Start:                     November 2020

Status:                  Enrolling

Design:                 Clinical Trial

Study Sites:        UNIM Research and Training Centre

Sponsor:             Laboratoire Innotech International  

IRB:                        Jaramogi Oginga Odinga Teaching and Referral Hospital Ethical Review IERC/JOOTRH/293/20

Purpose:              The purpose of the study sponsored by Laboratoire INNOTECH INTERNATIONAL is to investigate the time course of the increase in Hb level and other parameters associated with IDA at the very early stages of treatment (3rd, 5th, 7th days) to assess the Onset-of-Action of an Iron gluconate liquid formulation (Tot’héma®).

Design:                 This is an international (Zone I: Kenya – Zone II: Europe), open-label, multicentre, prospective, non-comparative study evaluating the onset of action and the safety of Tot’héma® in the treatment of IDA. The study will have approximately 15 to 20 sites in Europe and Kenya to recruit 121 eligible patients. The Kenyan sites will be expected to recruit half of the patients competitively with each site expected to recruit approximately 30 patients. The study schedule includes 5 visits and 11 blood samplings. Visits consist of 1 screening visit (Visit 1/D-7 to D-1), 1 inclusion (baseline) visit (Visit 2/D0), 2 follow-up visits (Visit 3/D14 and Visit 4/D28), and 1 End-of-Study visit (Visit 5/D84). Blood sampling will be performed during the screening period, between D-7 and D-1, at D0, D3, D5, D7, D10, D14, D21, D28, D56 and D84.

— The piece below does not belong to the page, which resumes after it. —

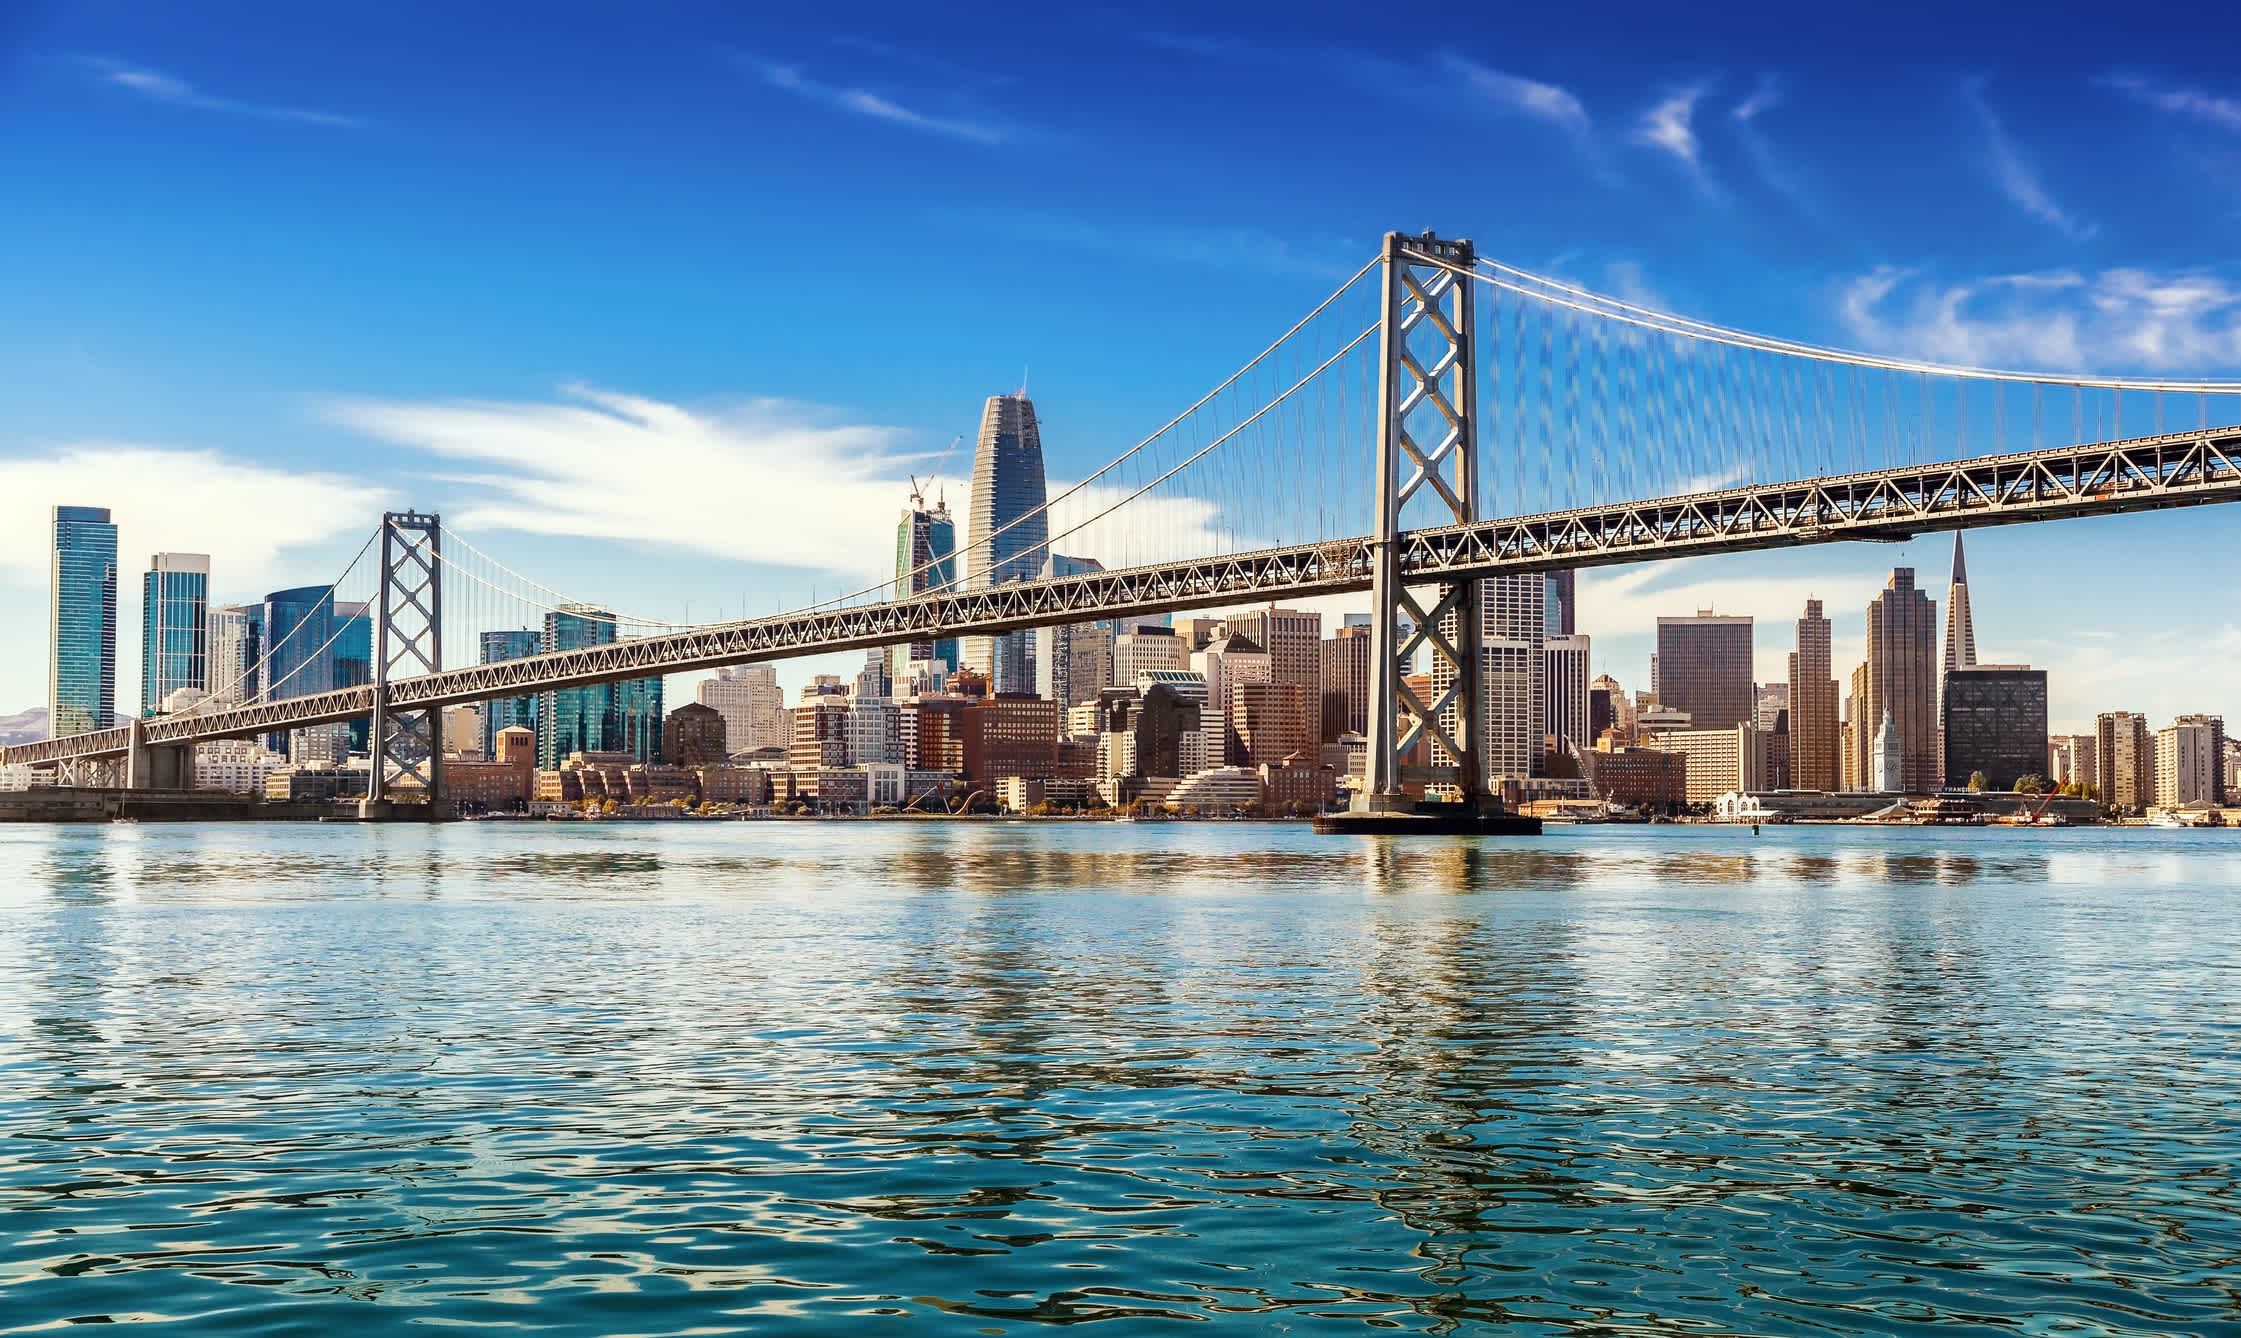 Blick auf die Oakland Bay Bridge in San Francisco, USA.
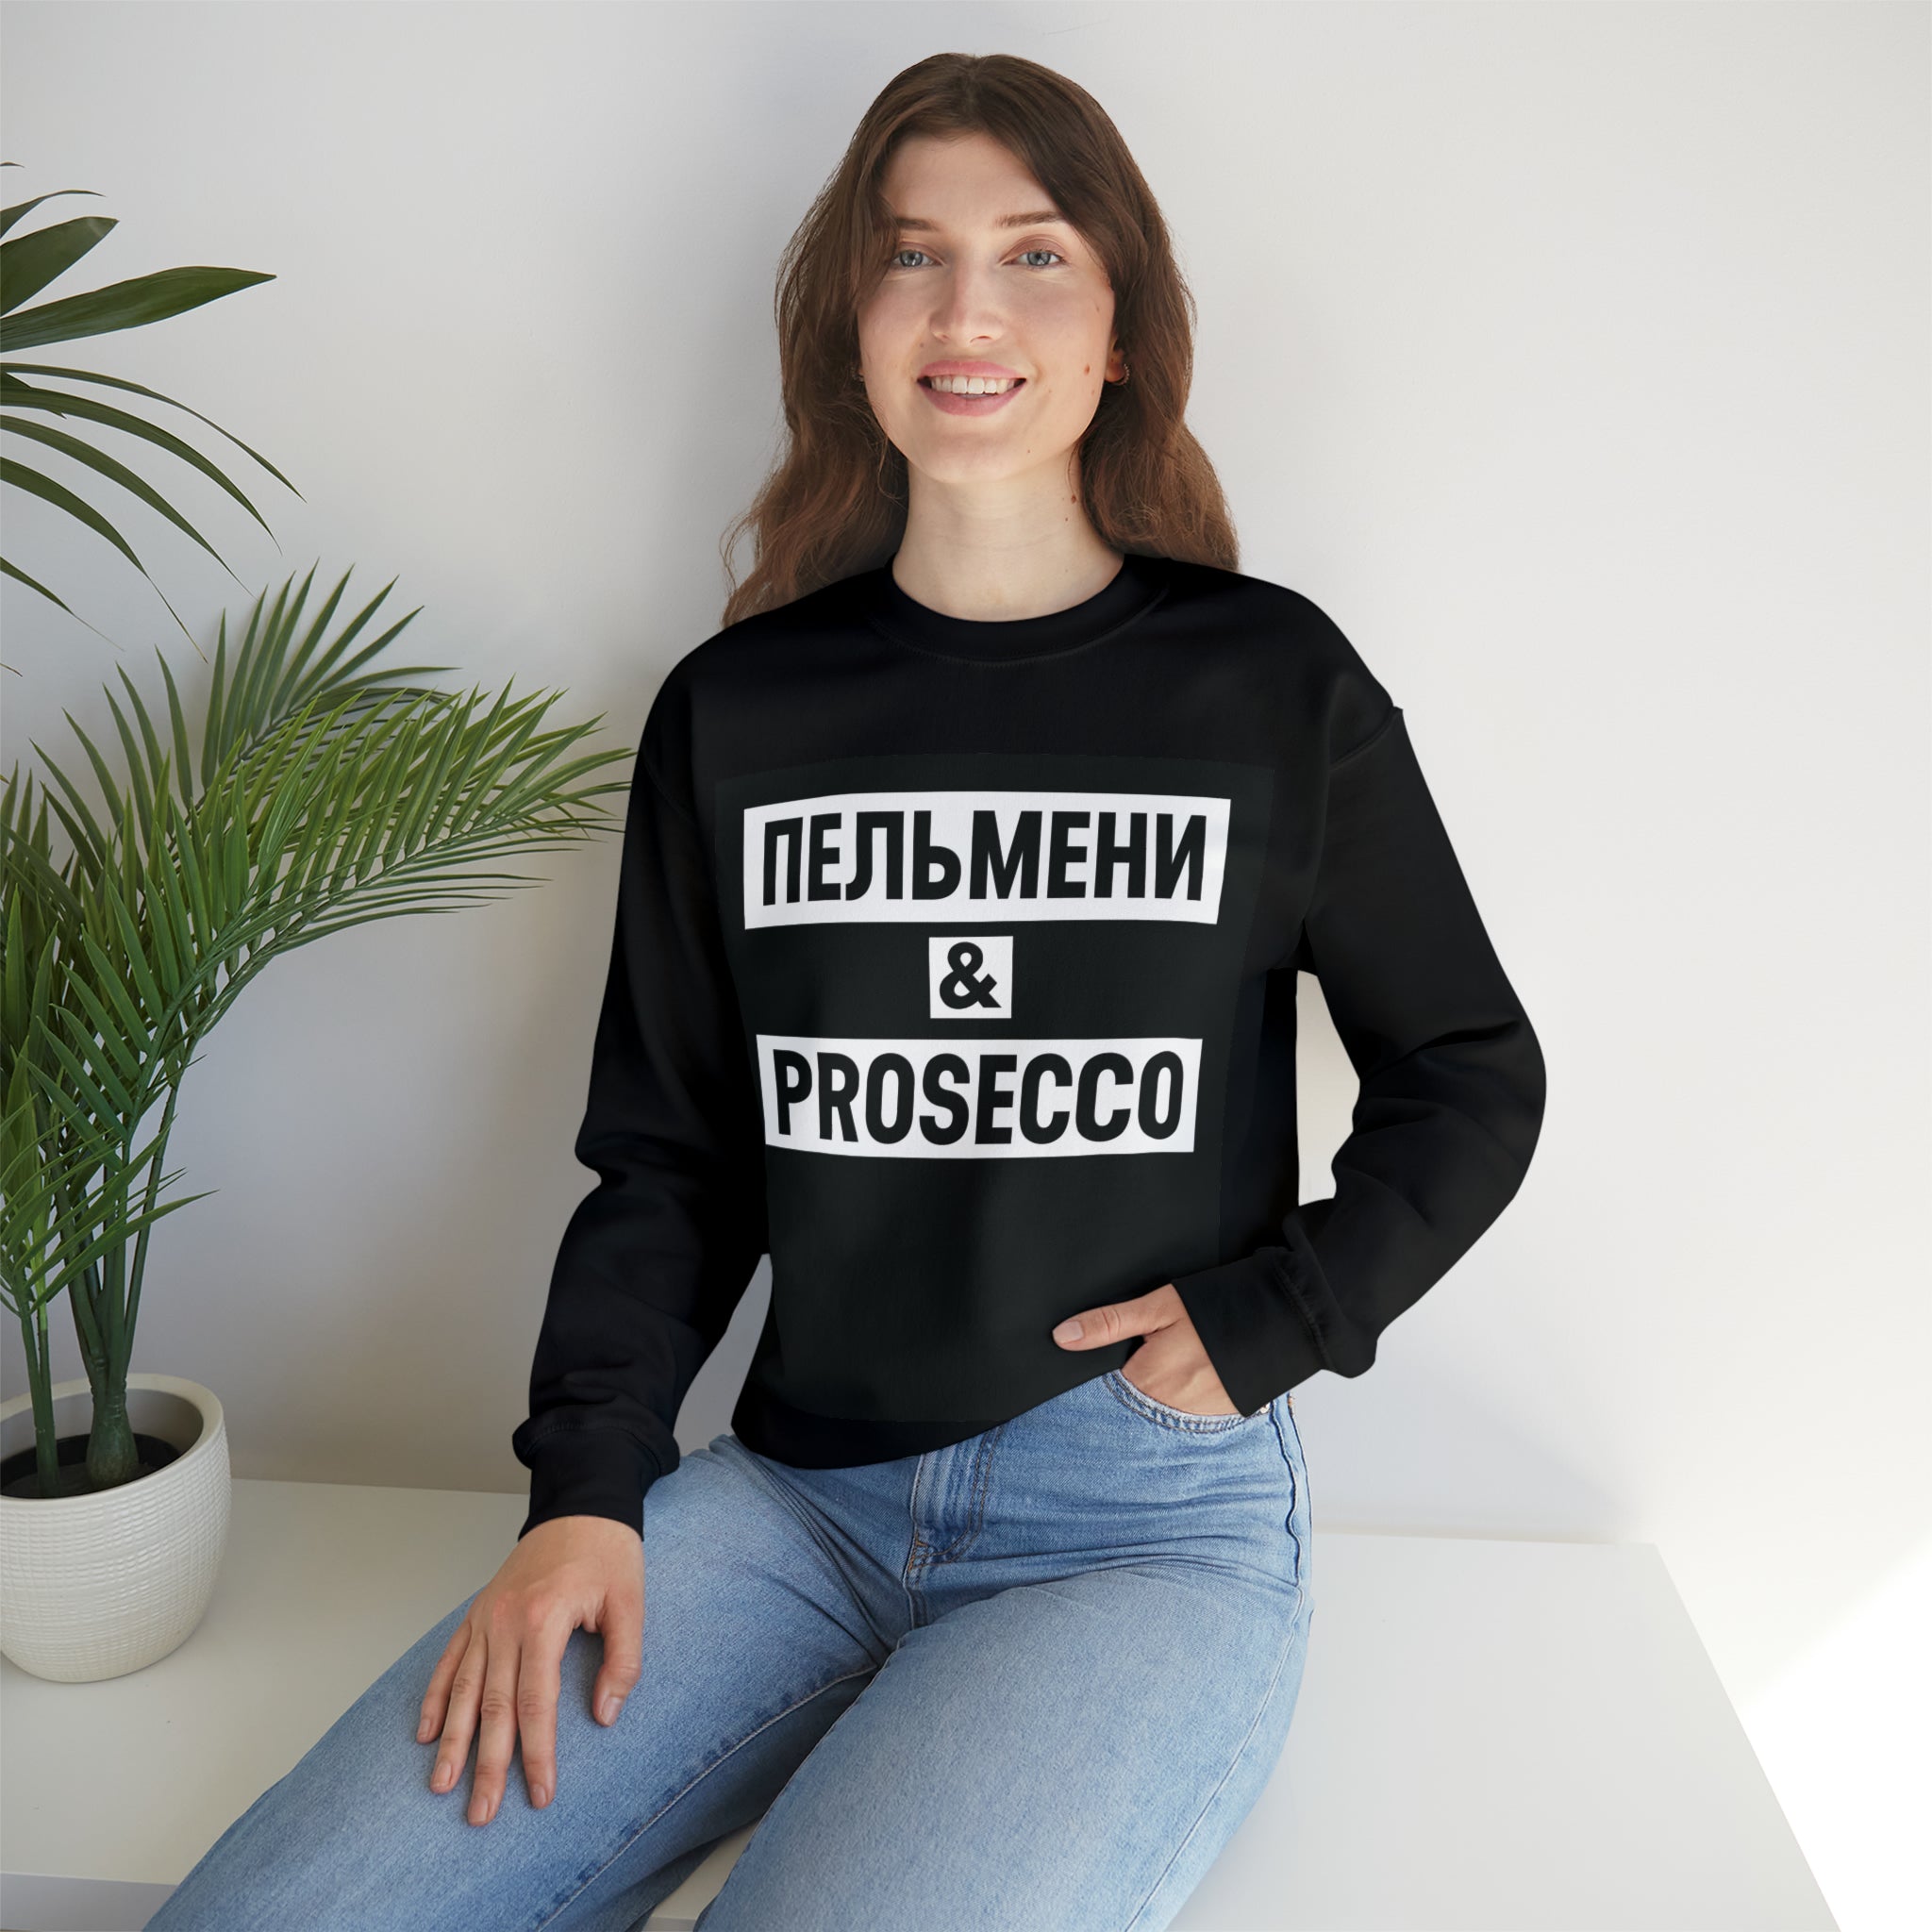 Pelmeni & PROSECCO Unisex Sweatshirt

Population:        The study will recruit from the general population patients with moderate anaemia defined as haemoglobin level of 8.0 g/dl to 10.0 g/dL (all values inclusive) on the last haematological test performed within 7 days before screening visit.

Study Size:          Approximately 121 Adult men and women (≥18 years) with iron deficiency anaemia will be enrolled.

Study Aims:        To assess, in patients with moderate IDA, the Onset-of-Action of a daily treatment with Tot’héma®. The onset of action is defined as the time required for a mean increase of at least 0.5 g/dL from baseline in haemoglobin level.